It has been hot here these past few days and I've enjoyed listening to people's opinions and positions about it. For some, the heat totally colors their reactions to everything, and for some the heat rises in themselves, too, causing waves of standing their ground, or melting down. This heat is right on time for me since in some real ways I've been investigating resistance in myself. I am coming to the conclusion that my excuses can be endless, and it is my choice whether I accept them or not, or use them as conditions to change my decisions or actions. It feels a little bit like I'm listening to a child explain why they didn't or won't, or couldn't or can't do something, and deciding, as "the grown up," whether to gently manipulate them out of that position, or simply say, "okay, I accept that, let's move on." With a child it is not so productive to say, "that's just an excuse," but with myself it helps to see them so clearly. So now I am seeing "excuse" is another word for using conditions for a particular purpose, usually in my case to resist!
My style of yoga is exploratory, a yoga of inquiry, endlessly discovering the openness of possibilities in the breath.

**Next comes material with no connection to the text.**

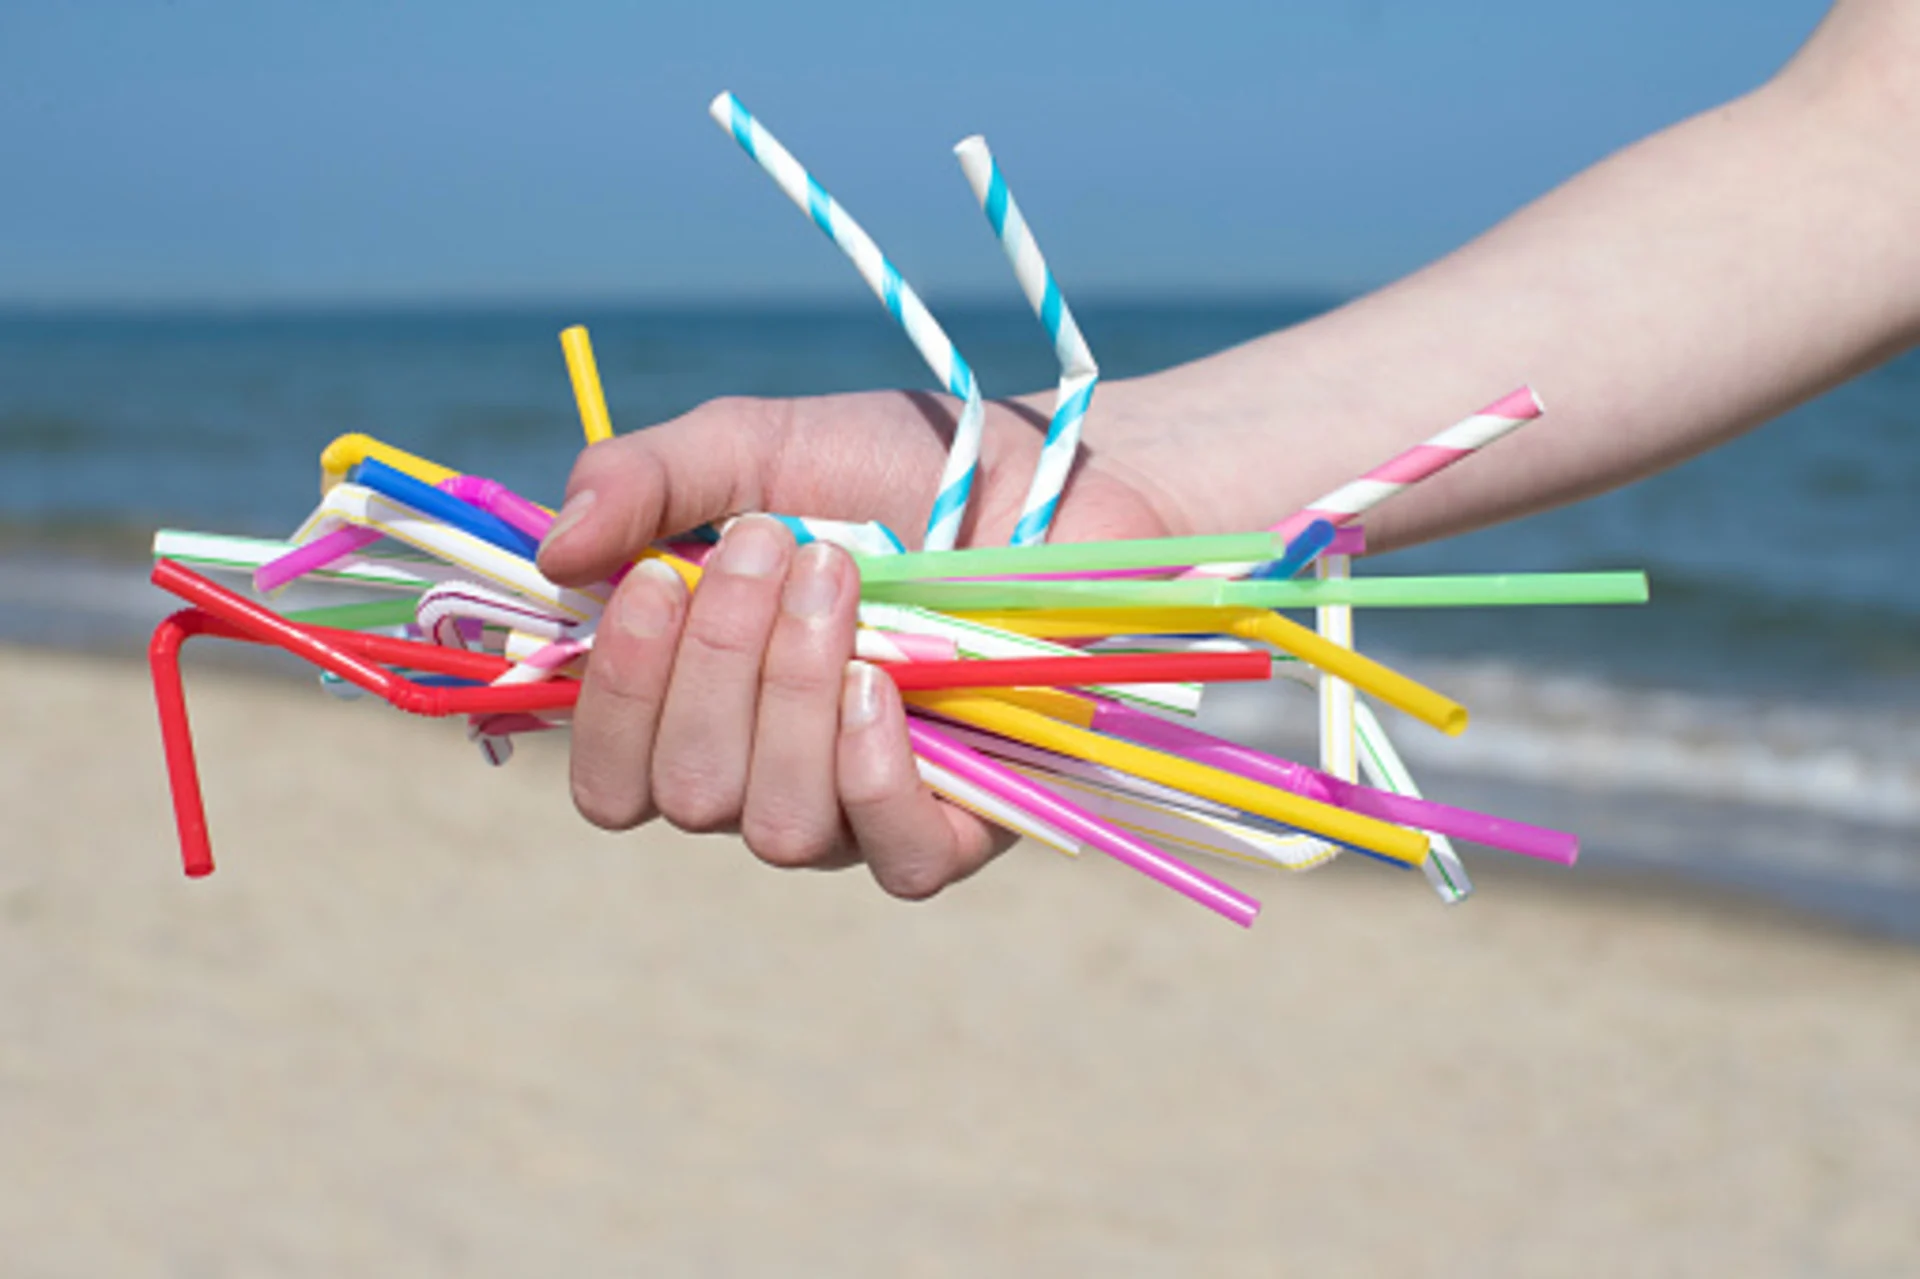 For the first time in over a decade, plastic straws are no longer a top concern on coastline litter list. Details, here

I am in awe a bit when I read blogs of others who are dedicated to a particular practice, as with the Ashtanga yoga, or Bikram or Iyengar etc. I definitely appreciate the discipline and dedication, the depth of understanding that comes from working within a defined framework. The depth is in the details.
Often for me to imagine that yoga is a particular specific sequence of physical events is a set up for judgment. What I can or cannot do, what I am feeling in that moment might present an urge to move in a different direction. Learning to listen to this urge or inner guide has been a major part of my practice. That is one of the principles of Kripalu yoga, letting the breath, or prana, move me.
Even so, it is easy enough to resist the yoga mat! It's better to keep it very simple and not front load my expectations or requirements: be present, be alert, breathe and be ready to experience what actually happens. Perhaps watching my mind run circles around is half the fun of a practice, or perhaps allowing the dog to run off the leash will leave me in the stillness beyond the undulation of my breath. It has taken me a while to learn how to let go of the sequences, the "this-before-that" thinking and listen to the inner voice of prana = conscious breath + living energy.
Last night I was breathing quietly in my hot humid room, with a fan blowing and an idea that I was supposed to be going to sleep. Ahh, another set up. Obviously I was not going to sleep. I was resting there, aware of drifting in a sea of light sweat and wondering about the tension in my shoulders. Exactly who set the rules that I was supposed to lay in bed until I fell asleep? And who is going to enforce that rule? What if I just slip out of bed and unroll my yoga mat? Already warm and sweaty, breathing in the dark, I hovered over my mat in Adho Mukha Svanasana, finding the breath taking me through a sequence of Trkonasana (triangle) and Ardha Chandrasana (half moon) where the length of my breath spread into the night air as my body elongated, in effortless effort. I did my final hip twists in bed, Supta Padangusthasana, and let Savasana take me to the stars.